Tara Abhasakun is a colleague. We have written together before. I reached out because of the good journalism by her. I wanted to get some expert opinion on women’s rights, journalism, and so on. I proposed a series. She accepted. Abahasakun studied history at The College of Wooster. Much of her coursework was in Middle East history.
After graduating Tara started blogging about the rights of women, LGBT, and minorities in MENA. She is currently a freelance writer. She is of Thai, Iranian, and European descent. She has lived in Bangkok and San Francisco. Here we talk about her background and human rights.

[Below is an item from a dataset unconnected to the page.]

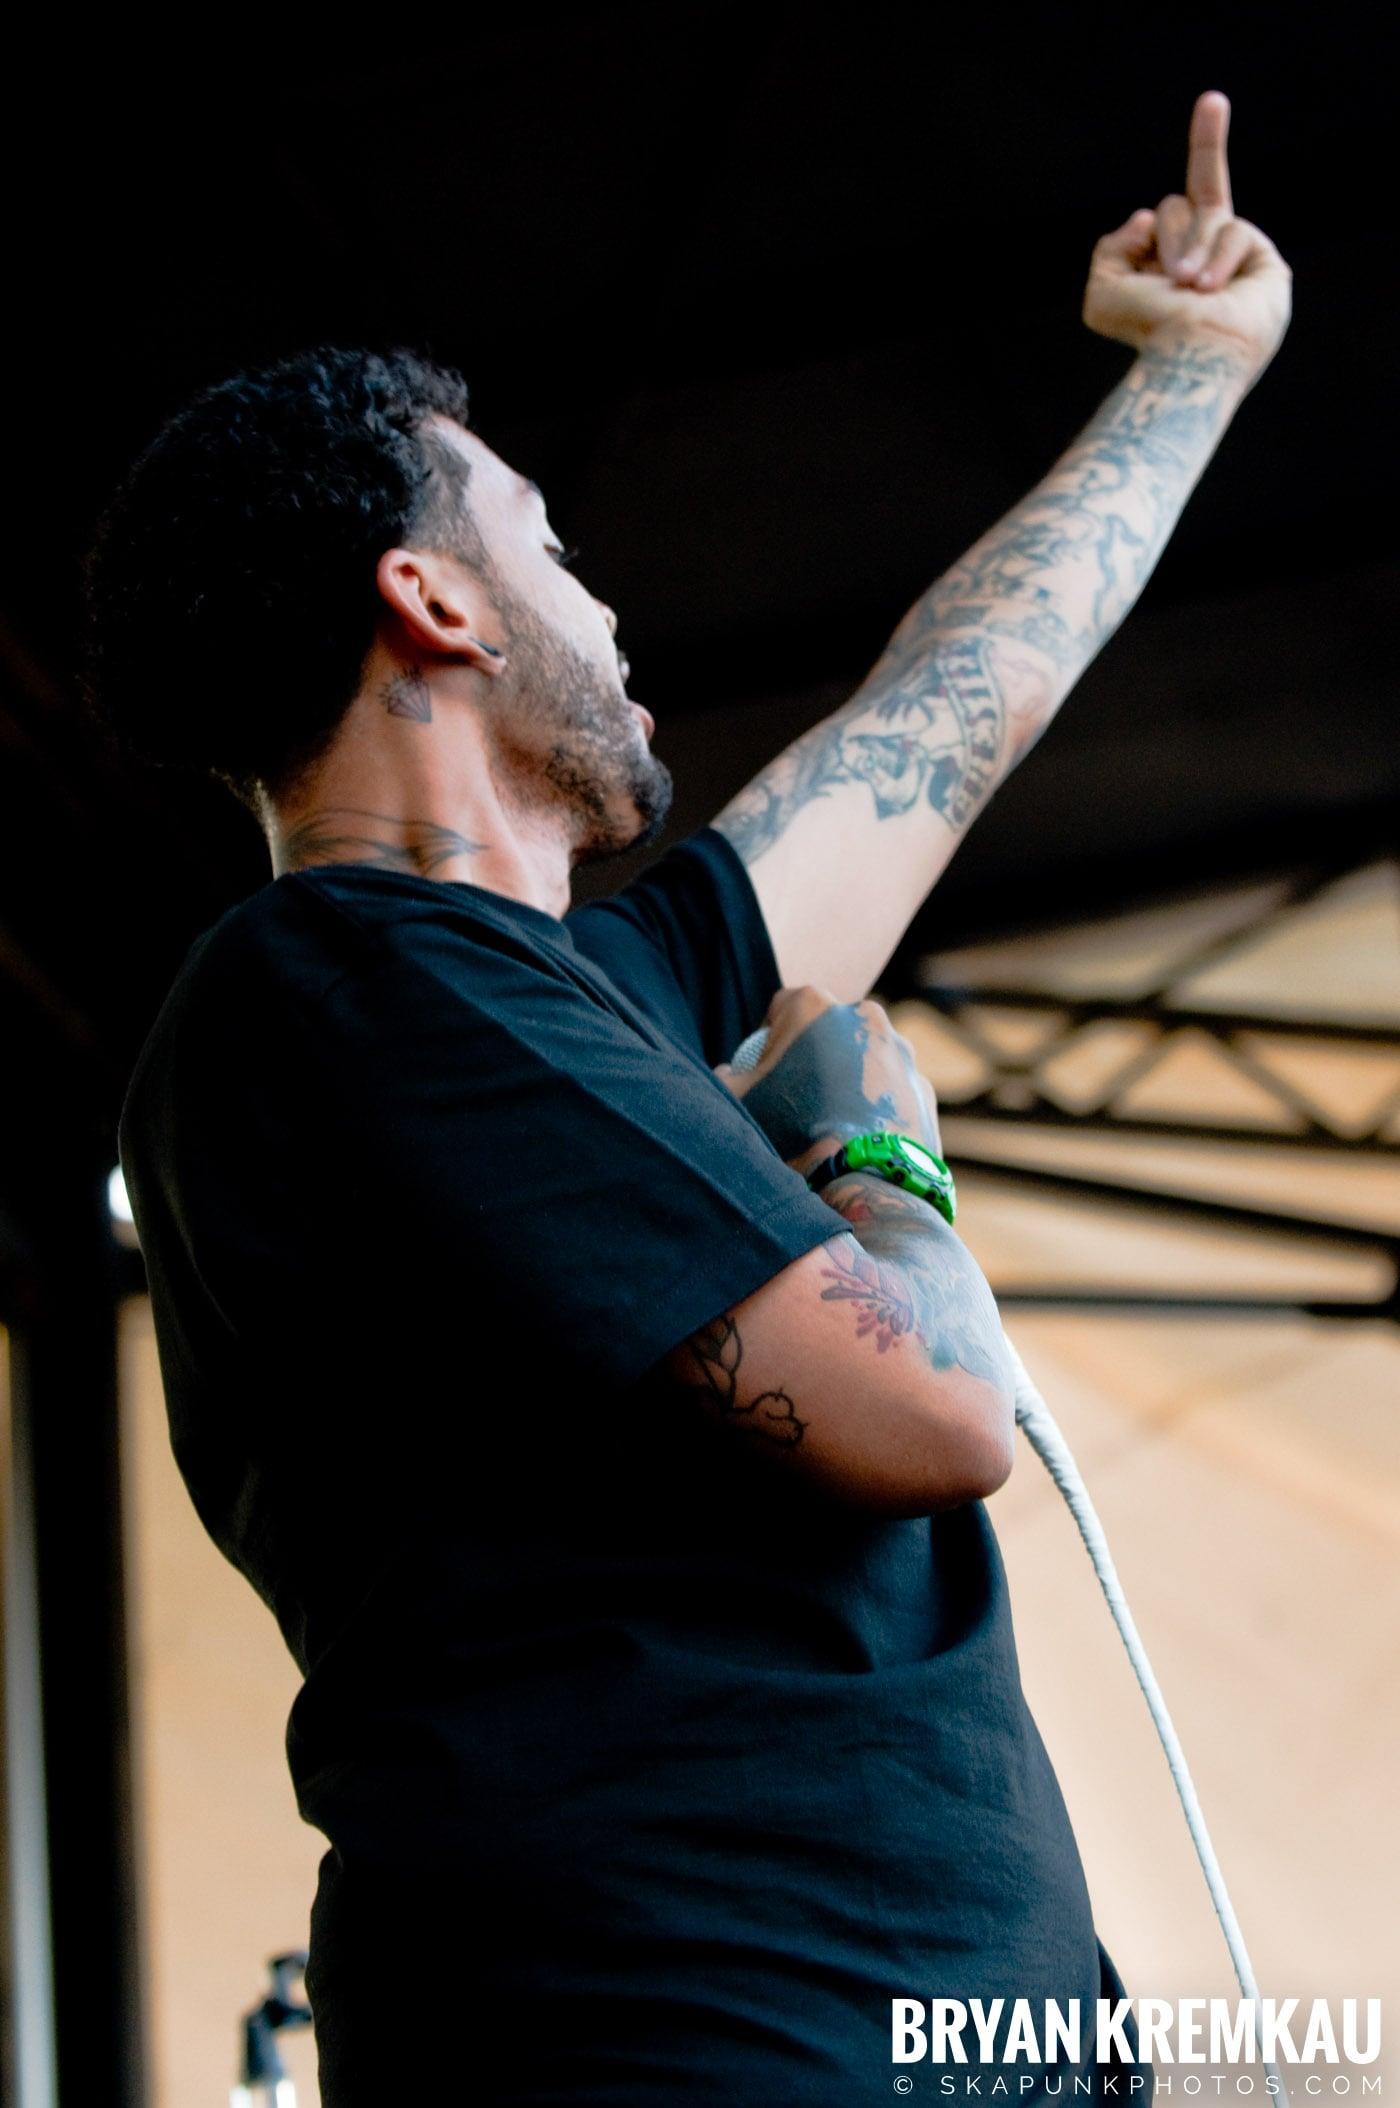 Gym Class Heroes @ Warped Tour 08, Scranton PA - 7.27.08 (4)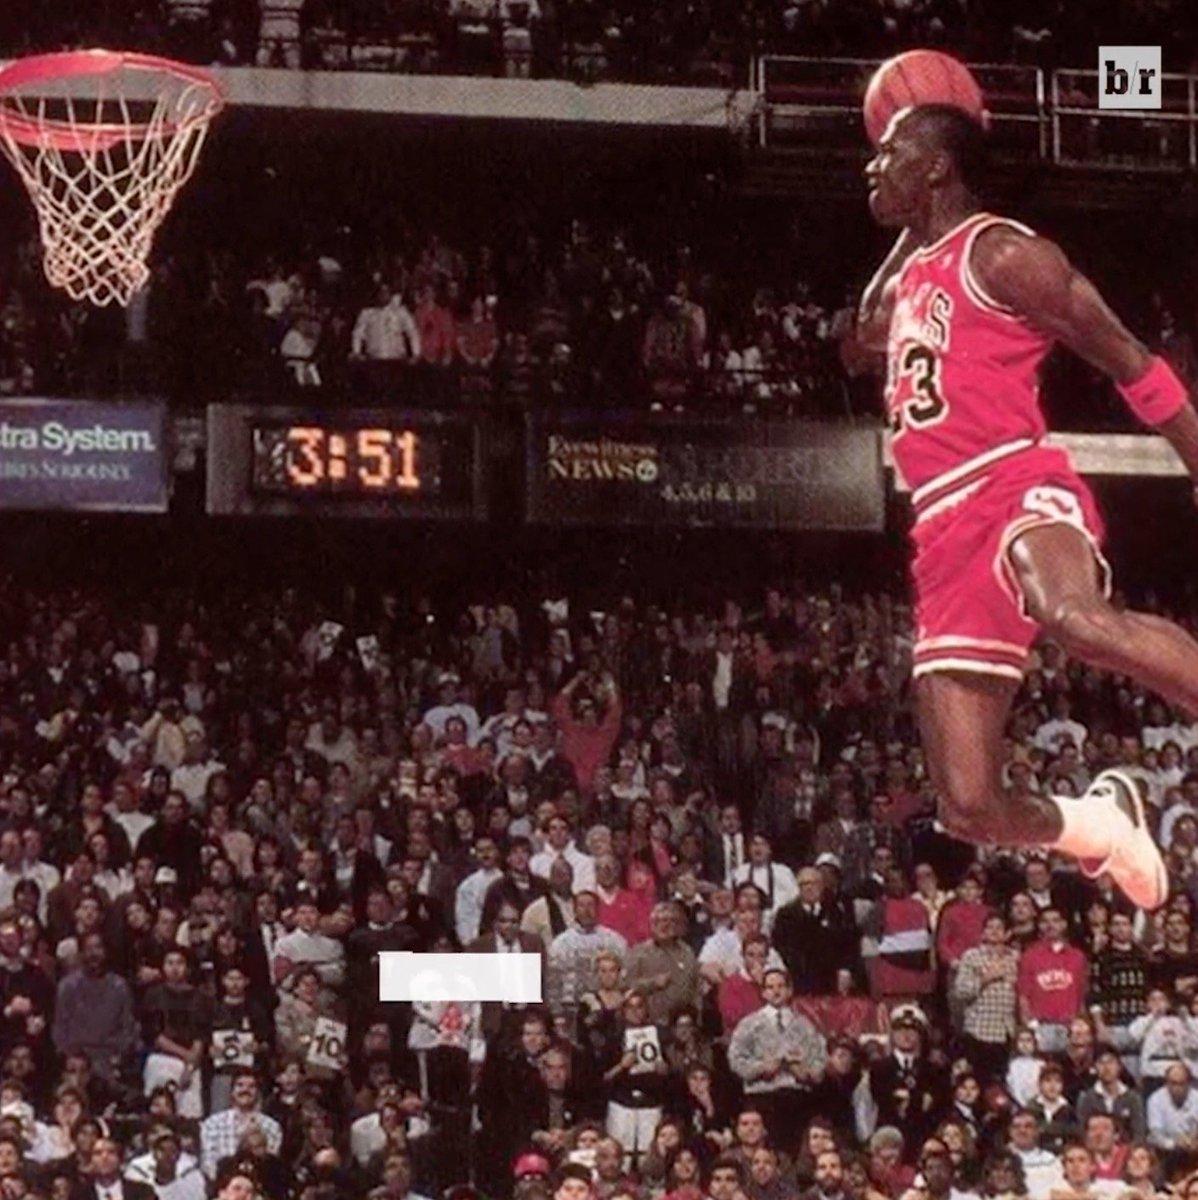 super jakość najlepsze buty 2018 buty Michael Jordan Airness : Michael Jordan Airness | Bleacher ...

The mixed ethnic and national background provides an interesting admixture not only in terms of heritage but, if culturally influenced then, an intriguing view on the world, too. Journalism needs this around the world, for a rounded perspective. Abhasakun’s interest in feminist issues were the first points of the conversation.
Abhasakun stated, “I think Thailand and Iran influence my feminism in different ways. I have never been to Iran before, however I have grown up knowing about the abuses against women over there. This has made me feel extremely lucky to have grown up in the US which, despite all its flaws, is a free society, although women’s rights are going downhill here too given the Kavanaugh confirmation.”
When she moved focus over to the examination of Thai personal history, she was quite young, so didn’t care about human right issues as much (age 6, so, of course). She returned to Thailand as an adult. Now, she has experienced sexual harassment by taxi drivers several times.
Abhasakun continued, “Thailand does not have as many laws that are as obviously or overtly sexist as Iran does. For example, there is no strict dress code or hijab law. Yet, from what I see of a lot of the mindset here, many people still seem to not value women as much as they value men. For example, when conversing with strangers about my family, when they ask if I have siblings and I tell them yes, they ask, “a brother?” When I say no, they then say “oh, so no boys?” as if every family should have at least one boy.
Apparently, this is common in Thailand. There was a water festival in Thailand. Astoundingly, over half of the women reported gropings and harassments. The Thai police blamed the victims for dressing in a sexy way. Abhasakun, justifiably, was fuming over this a) behaviour of men at the water festival and b) the reaction of the authorities hired to protect the public.
“…[It] motivated me to interview the host of Asia’s Next Top Model about her #DontTellMeHowToDress campaign against this victim-blaming. Thailand is also an international hub for the sex trade,” Abhasakun stated, “It’s very common to see very old foreign men here walking around with young Thai women, and it grosses me out to no end. I realize that there are probably many women who “want to” work in the sex trade, however many poor Thai women are doing this because they have to feed their families. It’s exploitation.”
Sexual exploitation is a form of moral-economic-rights issue not nearly getting enough coverage by activists, journalists, and self-reflection by the buyers or the exploiters – often men.
The conversation shifted into the conditions of women and minorities in the Middle East. She reflected on this, but she added a caveat first. She does not want to pick what group’s rights are most severe because all are severe.
“…I would have to say that the genocide against Yazidis is by far the most dire thing happening in the Middle East right now,” Abhasakun explained, “When I say “most dire” I mean that out of all the situations happening to different human rights violations taking place right now, the threat of violence and death is the most severe. Over 3,000 Yazidi women and girls are still held captive by ISIS, and are still being gang-raped every day.”
These are some of the worst conditions for women and minorities (and minority women) in the world and amount some of the worst human rights violations ongoing in the world as youread this (dear reader).
Abhasakun explained theseling of people to families, literally, in Saudi Arabia and elsewhere in the MENA region. She thinks the UN and politicians – “around the world” – should do better in retrieving enslaved people from ISIS. The violence is severe.
Abhasakun said, “Apart from the Yazidis, there is Asia Bibi’s situation happening right now, as well as the threat to possibly execute 24 Yemeni Baha’is. And of course, so many people are executed in Saudi Arabia and Iran. After the Yazidis, it’s honestly a bit hard for me to say what exactly the most dire situation is.”
Lastly, the shift of the first session went into religion and feminism. She considers all religion needing to be updated with feminism in addition to the removal of the gender norms pervasive within them.
“I believe that it’s possible to keep the aspects of religion that help people to remember a higher power and connection to the universe and their fellow human beings, while throwing away the misogynistic social norms that became a part of religions due to the time periods in which they emerged,” Abhasakun concluded.